Erstveröffentlichung auf www.isrageo.com am 8. März 2021
Dieser Essay ist einer Frau mit einem ungewöhnlichen Schicksal gewidmet. Wenn wir das Wort „Rabbi“ hören oder lesen, stellen wir uns in der Regel einen älteren und ernsten Mann mit grauem Bart, in dunkler Kleidung und mit einem schwarzen, breitkrempigen Hut vor. Alina Treiger trägt ebenfalls den Titel „Rabbi“, hat aber nichts mit diesem Bild gemeinsam.
Eine große, ansprechende Brünette mit einem freundlichen Lächeln, modisch gekleidet, mit schöner Frisur, stets freundlich und bereit, in schwierigen Lebenssituationen zu helfen. Vor kurzem feierte sie das zehnjährige Jubiläum ihrer Einweihung als Rabbinerin und gleichzeitig das zehnjährige Bestehen ihrer Arbeit in der Jüdischen Gemeinde zu Oldenburg. Natürlich ist eine Frau als Rabbinerin im orthodoxen Judentum undenkbar, da die Erlangung der Smicha, d.h. des Dokuments, das die Verleihung des Rabbi-Titels und den Umfang seiner Befugnisse bestätigt, nur im sogenannten liberalen oder progressiven Judentum möglich ist.
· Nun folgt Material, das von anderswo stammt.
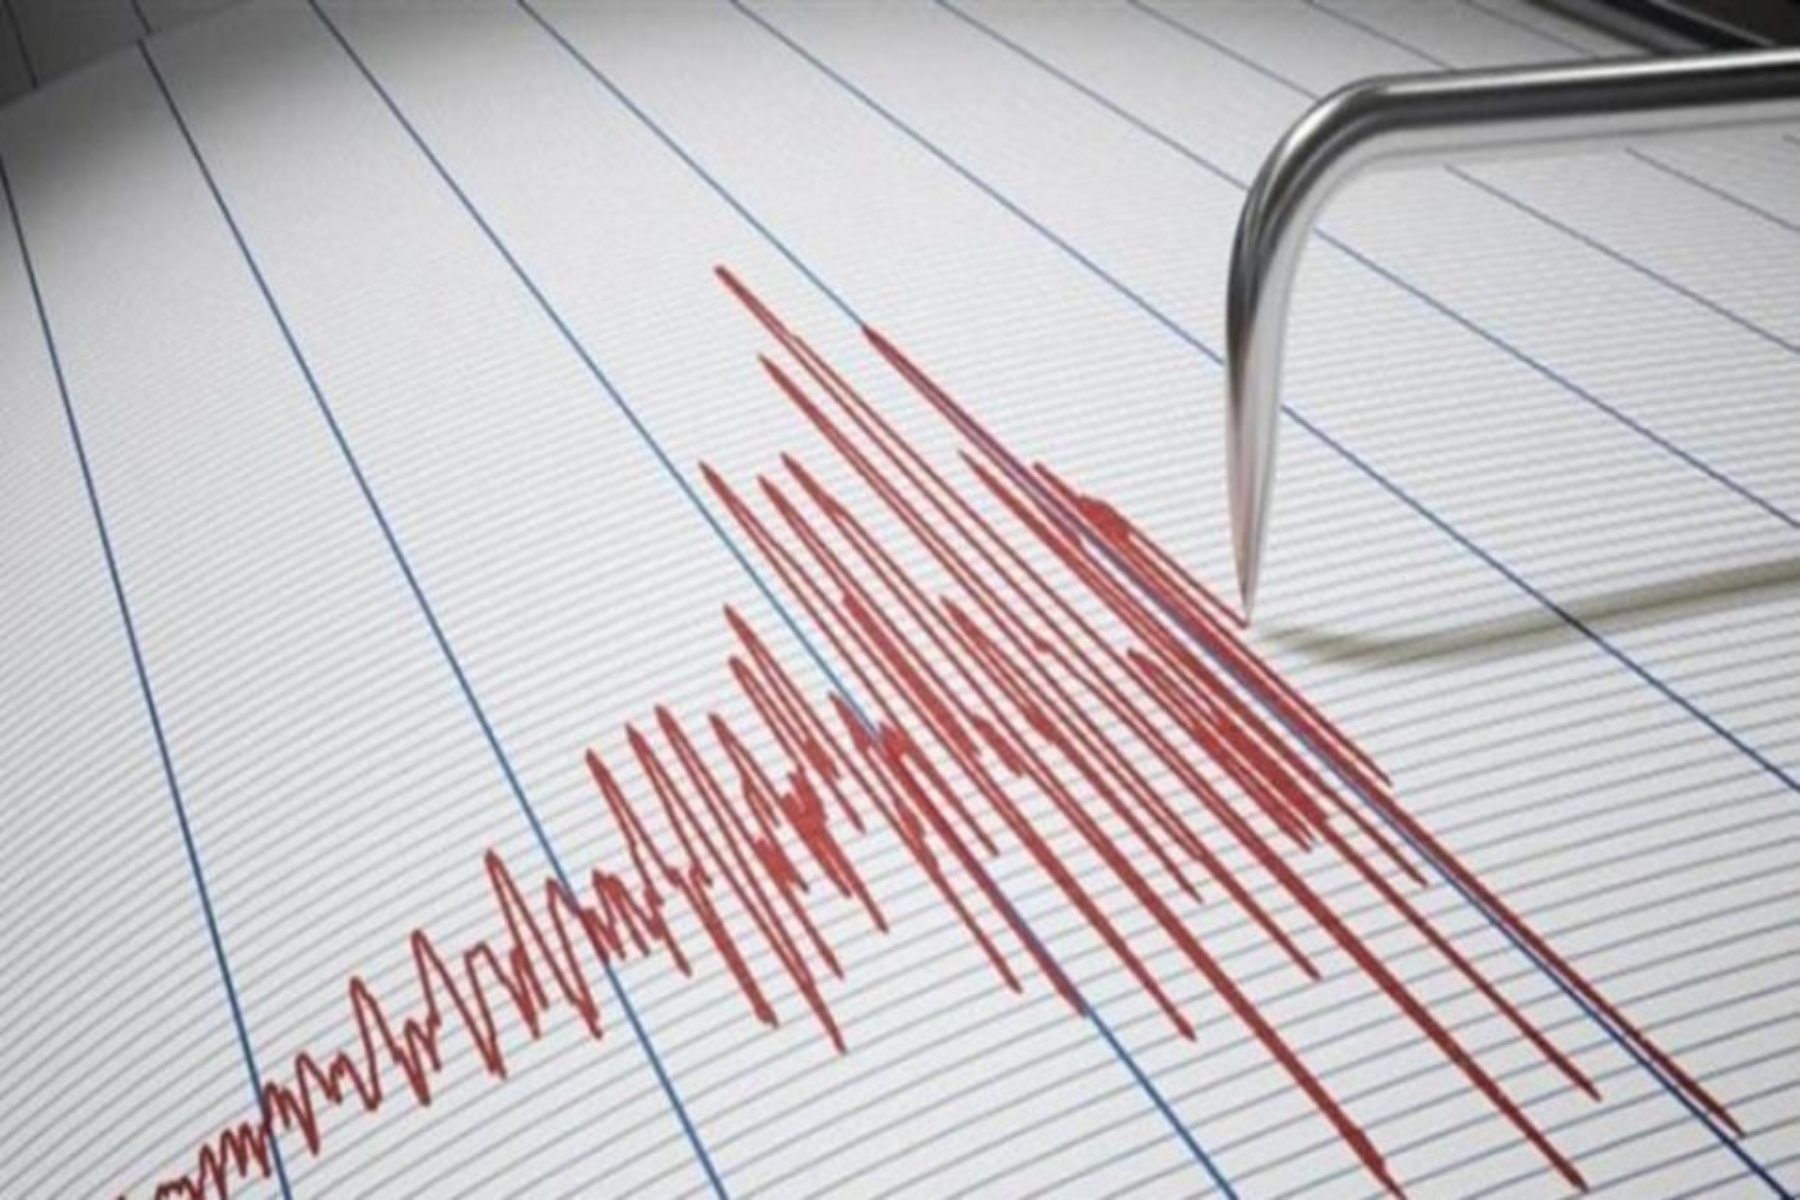 Σεισμός τώρα: Σεισμική δόνηση 3,7 ρίχτερ στην Αγία Μαρίνα – Αισθητός ο σεισμός στην Αττική

Alina Treiger wurde in der Ukraine, in der ruhmreichen Stadt Poltawa, in einer jüdischen, aber nicht-religiösen Familie geboren. Während ihrer Schulzeit am Gymnasium besuchte sie die Sonntagsschule der jüdischen Gemeinde und lernte gleichzeitig Klavier an der Musikschule sowie später Chorgesang am Musikcollege. Im Rahmen des Programms der Jewish Agency for Israel („Sochnut“) absolvierte Alina Kurse zur Jugendleiterin (hebräisch: „Madricha“), danach arbeitete sie mit Kindergruppen in Sommerlagern in der Ukraine und in Israel. Dort erhielt sie eine Empfehlung und wurde als Studentin am Moskauer Institut der Weltunion für Progressives Judentum aufgenommen, wo sie drei Jahre lang studierte. Genau dort, in Moskau, wurde ihr angeboten, weiter zu studieren, um den Titel einer Rabbinerin zu erlangen. Laut Alina selbst war dies für sie eine völlige Überraschung und erforderte die mutige Entscheidung, ihre Lebenspläne grundlegend zu ändern.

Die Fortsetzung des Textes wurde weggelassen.